YOUR ASSIGNMENT: Reproduce word for word, from the entries below, the line with "Eenkleurige trendy zonnebril - roze", the line with "Okręt podwodny typu", and every line between them, and nothing more.

[Collected data entries]
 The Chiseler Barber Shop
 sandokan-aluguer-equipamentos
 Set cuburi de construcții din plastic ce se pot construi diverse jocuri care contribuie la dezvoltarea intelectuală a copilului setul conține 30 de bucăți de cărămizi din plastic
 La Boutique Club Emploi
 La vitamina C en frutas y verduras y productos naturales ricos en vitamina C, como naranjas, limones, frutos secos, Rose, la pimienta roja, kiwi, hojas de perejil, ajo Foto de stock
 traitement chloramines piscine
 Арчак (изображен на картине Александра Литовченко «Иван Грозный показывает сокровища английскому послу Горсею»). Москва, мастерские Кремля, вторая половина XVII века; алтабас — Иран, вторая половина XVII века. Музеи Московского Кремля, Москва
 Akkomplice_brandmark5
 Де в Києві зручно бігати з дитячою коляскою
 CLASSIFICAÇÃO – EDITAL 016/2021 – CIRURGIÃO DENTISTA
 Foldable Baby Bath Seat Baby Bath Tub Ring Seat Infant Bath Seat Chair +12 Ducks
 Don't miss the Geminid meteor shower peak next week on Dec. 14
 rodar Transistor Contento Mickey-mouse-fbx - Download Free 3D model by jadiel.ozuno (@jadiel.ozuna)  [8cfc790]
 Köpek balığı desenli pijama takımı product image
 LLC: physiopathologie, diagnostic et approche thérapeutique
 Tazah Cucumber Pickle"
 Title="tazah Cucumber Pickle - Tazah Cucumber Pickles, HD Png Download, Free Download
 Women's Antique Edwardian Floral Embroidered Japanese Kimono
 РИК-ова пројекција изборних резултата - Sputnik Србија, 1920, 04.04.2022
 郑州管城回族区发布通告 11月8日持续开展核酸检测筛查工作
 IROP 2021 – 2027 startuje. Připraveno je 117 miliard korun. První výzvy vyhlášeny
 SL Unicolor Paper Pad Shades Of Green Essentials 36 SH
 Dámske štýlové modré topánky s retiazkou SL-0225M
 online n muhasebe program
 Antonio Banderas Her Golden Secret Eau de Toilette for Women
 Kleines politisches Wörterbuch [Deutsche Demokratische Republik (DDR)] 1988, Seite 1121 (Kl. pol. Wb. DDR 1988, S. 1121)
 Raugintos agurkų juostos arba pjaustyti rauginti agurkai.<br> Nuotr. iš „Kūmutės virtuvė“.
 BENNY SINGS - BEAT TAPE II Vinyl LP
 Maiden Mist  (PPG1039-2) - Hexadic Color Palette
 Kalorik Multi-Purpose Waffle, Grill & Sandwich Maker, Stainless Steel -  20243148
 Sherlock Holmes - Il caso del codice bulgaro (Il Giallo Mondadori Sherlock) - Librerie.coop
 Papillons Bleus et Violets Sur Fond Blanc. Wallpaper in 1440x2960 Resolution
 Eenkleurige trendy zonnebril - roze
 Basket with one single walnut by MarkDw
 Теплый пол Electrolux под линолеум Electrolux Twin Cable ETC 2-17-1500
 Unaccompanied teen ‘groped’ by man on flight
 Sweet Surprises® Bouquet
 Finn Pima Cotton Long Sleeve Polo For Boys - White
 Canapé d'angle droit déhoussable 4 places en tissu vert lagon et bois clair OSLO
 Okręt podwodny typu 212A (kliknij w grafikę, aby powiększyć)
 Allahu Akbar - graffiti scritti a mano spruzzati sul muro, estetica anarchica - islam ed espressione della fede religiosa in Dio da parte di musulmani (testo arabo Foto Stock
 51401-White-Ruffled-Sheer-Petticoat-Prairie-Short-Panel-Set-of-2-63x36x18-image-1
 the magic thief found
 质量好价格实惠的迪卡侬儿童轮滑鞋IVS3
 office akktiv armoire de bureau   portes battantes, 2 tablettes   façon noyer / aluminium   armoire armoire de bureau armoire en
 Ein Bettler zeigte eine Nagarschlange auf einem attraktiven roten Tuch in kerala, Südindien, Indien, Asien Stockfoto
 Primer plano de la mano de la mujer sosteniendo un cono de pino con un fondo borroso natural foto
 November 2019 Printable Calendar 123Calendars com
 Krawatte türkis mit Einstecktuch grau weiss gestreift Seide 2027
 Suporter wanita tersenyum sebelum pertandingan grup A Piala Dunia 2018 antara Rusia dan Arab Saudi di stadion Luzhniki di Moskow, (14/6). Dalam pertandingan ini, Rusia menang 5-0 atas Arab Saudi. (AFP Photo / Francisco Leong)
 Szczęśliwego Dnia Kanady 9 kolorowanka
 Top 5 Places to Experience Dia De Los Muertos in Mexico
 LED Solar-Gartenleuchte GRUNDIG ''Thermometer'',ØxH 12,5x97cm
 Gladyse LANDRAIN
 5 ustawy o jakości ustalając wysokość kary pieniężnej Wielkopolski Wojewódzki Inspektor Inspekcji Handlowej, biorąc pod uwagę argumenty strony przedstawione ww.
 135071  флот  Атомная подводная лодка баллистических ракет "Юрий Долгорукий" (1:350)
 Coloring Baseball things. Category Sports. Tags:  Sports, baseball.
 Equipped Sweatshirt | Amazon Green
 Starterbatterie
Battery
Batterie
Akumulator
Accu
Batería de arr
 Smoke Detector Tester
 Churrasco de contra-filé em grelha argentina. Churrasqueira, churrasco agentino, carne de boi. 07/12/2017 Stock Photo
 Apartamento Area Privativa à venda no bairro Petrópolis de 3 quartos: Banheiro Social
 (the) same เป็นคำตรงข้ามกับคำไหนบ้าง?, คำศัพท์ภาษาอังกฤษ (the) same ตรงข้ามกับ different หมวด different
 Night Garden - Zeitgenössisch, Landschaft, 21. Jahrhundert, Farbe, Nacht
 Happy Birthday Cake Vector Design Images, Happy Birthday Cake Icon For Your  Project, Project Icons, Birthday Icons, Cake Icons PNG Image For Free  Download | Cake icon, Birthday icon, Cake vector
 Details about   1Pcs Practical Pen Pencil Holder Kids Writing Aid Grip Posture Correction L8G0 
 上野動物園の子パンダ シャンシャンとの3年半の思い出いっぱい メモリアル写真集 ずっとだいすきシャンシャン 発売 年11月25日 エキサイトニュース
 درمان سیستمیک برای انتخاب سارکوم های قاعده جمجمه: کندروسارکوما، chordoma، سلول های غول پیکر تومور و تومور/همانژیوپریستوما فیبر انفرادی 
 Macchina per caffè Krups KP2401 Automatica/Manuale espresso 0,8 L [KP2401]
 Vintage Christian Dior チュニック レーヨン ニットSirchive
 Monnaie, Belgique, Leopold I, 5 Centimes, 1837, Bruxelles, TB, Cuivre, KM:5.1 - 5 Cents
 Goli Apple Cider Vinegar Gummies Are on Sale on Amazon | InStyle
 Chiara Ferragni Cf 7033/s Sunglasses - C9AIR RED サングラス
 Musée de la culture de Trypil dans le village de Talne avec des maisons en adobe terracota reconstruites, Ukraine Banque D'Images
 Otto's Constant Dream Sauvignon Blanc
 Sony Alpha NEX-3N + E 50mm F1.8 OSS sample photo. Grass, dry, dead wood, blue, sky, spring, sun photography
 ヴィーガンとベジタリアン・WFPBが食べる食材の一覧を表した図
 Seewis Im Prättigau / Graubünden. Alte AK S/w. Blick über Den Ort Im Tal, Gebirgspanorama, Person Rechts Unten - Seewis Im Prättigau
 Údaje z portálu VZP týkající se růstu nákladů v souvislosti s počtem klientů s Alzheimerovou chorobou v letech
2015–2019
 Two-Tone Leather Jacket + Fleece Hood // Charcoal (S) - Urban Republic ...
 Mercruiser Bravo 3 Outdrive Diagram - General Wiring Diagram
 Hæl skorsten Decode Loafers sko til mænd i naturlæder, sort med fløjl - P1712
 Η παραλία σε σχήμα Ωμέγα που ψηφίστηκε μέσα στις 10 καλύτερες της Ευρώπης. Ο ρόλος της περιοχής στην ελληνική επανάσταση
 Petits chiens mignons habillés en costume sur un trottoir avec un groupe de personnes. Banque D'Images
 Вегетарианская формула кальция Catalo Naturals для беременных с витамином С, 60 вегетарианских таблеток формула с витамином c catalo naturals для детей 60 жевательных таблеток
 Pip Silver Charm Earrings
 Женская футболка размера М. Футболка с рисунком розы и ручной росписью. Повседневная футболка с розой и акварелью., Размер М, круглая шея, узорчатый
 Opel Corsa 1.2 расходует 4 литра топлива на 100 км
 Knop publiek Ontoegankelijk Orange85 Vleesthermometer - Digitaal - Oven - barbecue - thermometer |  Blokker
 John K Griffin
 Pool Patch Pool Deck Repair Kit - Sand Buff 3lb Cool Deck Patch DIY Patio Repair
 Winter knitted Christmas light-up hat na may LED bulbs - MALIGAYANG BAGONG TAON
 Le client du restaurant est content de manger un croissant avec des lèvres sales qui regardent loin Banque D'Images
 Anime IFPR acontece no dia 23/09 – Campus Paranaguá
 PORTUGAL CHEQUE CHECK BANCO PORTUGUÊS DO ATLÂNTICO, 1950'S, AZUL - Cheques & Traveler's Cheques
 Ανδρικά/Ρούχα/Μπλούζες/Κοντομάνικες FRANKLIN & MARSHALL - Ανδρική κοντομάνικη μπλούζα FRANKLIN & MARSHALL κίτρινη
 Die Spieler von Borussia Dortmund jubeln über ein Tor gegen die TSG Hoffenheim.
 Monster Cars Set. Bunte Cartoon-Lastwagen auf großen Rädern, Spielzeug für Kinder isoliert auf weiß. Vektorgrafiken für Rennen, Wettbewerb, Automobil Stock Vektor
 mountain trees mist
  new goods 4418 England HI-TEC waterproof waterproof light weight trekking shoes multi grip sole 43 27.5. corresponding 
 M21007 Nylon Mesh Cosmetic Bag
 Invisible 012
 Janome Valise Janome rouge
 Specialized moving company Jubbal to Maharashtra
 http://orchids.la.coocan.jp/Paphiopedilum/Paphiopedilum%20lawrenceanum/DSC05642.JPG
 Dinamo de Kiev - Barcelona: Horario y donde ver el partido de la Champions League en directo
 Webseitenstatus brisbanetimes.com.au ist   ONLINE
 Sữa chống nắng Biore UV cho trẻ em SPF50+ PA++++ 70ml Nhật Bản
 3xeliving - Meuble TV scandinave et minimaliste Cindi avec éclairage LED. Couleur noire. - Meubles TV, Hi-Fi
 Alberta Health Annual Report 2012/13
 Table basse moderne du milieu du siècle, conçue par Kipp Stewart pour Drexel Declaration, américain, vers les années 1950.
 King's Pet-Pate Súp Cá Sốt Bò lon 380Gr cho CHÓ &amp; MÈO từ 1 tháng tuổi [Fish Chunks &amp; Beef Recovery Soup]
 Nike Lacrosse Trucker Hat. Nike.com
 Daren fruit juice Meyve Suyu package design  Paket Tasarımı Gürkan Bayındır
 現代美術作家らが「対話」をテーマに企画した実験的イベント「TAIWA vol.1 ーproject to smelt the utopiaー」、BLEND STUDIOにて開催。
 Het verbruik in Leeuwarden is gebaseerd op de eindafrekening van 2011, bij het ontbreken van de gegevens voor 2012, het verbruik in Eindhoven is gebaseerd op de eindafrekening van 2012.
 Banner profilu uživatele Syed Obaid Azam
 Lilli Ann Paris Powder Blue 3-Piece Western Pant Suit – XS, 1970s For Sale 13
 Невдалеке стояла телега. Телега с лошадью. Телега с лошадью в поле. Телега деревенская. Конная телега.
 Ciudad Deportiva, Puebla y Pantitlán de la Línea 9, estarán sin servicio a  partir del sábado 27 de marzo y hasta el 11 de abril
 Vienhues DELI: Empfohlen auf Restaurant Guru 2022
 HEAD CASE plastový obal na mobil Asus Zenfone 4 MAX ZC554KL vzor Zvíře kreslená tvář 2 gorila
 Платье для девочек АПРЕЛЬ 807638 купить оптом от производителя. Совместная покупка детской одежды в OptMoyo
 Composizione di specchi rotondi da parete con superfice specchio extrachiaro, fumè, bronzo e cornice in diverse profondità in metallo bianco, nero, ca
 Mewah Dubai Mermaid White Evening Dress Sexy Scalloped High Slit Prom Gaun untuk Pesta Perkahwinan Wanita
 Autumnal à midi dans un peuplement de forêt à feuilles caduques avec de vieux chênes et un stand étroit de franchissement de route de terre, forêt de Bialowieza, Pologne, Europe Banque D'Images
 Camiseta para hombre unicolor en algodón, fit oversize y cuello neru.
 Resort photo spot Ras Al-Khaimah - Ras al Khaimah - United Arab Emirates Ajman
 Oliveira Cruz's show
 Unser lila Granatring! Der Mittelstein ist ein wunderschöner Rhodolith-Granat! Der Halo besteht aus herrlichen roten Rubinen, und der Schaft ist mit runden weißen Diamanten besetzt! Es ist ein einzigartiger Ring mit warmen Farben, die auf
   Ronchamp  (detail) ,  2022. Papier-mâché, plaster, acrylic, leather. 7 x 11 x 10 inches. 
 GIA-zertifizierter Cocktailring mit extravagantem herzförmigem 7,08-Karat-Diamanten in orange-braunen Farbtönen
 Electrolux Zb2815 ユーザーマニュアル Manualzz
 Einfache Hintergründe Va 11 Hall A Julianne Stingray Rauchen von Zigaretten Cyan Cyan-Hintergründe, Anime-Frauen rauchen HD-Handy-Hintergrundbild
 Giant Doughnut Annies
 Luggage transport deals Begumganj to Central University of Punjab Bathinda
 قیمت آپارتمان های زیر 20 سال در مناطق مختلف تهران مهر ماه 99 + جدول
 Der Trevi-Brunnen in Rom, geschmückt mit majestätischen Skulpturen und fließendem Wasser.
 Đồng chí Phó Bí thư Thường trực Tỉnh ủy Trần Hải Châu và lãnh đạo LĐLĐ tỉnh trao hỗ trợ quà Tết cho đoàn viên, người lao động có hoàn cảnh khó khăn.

RESULT OF THE TASK:
 Eenkleurige trendy zonnebril - roze
 Basket with one single walnut by MarkDw
 Теплый пол Electrolux под линолеум Electrolux Twin Cable ETC 2-17-1500
 Unaccompanied teen ‘groped’ by man on flight
 Sweet Surprises® Bouquet
 Finn Pima Cotton Long Sleeve Polo For Boys - White
 Canapé d'angle droit déhoussable 4 places en tissu vert lagon et bois clair OSLO
 Okręt podwodny typu 212A (kliknij w grafikę, aby powiększyć)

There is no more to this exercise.